1. What is dispersion of waves?

Dispersion of waves refers to the phenomenon where waves of different frequencies or wavelengths travel at different speeds in a medium. This leads to the separation of a wave into its individual frequency components, resulting in a change in the shape of the wave.

2. How is dispersion of waves different from refraction?

Dispersion and refraction are related but different concepts. Refraction refers to the change in direction of a wave as it passes through a boundary between two different media, while dispersion specifically refers to the separation of waves based on their frequencies in a medium.
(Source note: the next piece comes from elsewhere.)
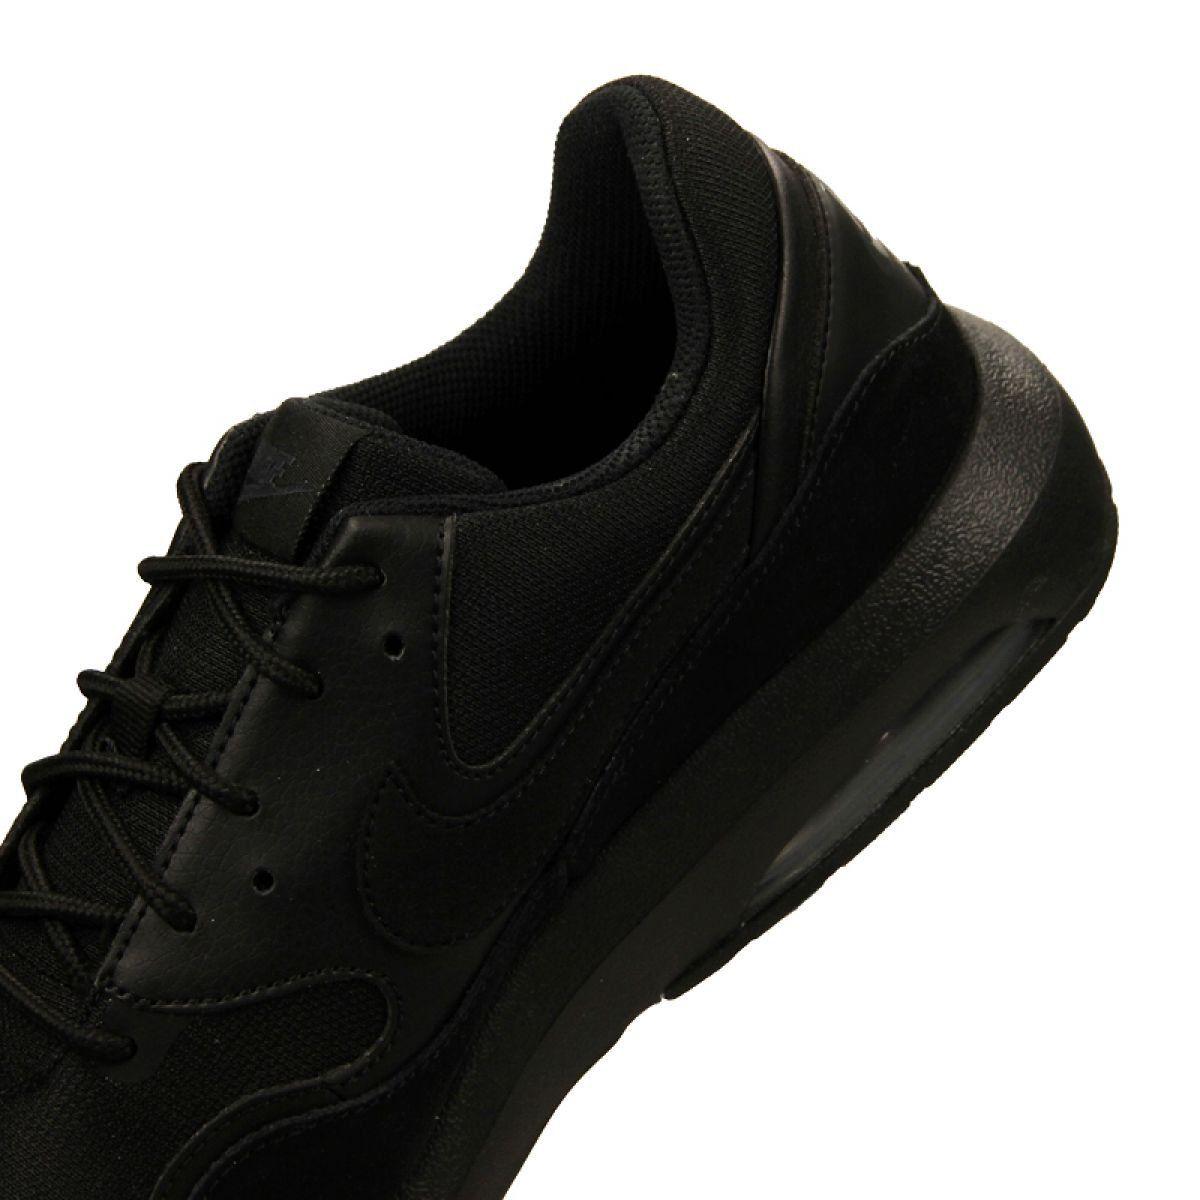 Buty Nike Air Max Nostalgic M 916781 006 Czarne Nike Air Max Black Shoes Nike Air

3. What causes dispersion of waves?

Dispersion of waves can be caused by a variety of factors, including the properties of the medium through which the wave is traveling, such as density and elasticity. It can also be caused by interactions between the wave and particles in the medium, such as scattering or absorption.

4. How does dispersion affect the speed and wavelength of a wave?

Dispersion can cause different wavelengths of a wave to travel at different speeds, resulting in a change in the overall speed of the wave. This can also lead to a change in the wavelength of the wave, as different frequencies are affected differently by the dispersion.

5. What are some real-life examples of dispersion of waves?

Dispersion of waves can be observed in various natural phenomena, such as the separation of colors in a rainbow, the different speeds at which different frequency radio waves travel in the ionosphere, and the distortion of sound waves in a concert hall due to different frequencies traveling at different speeds.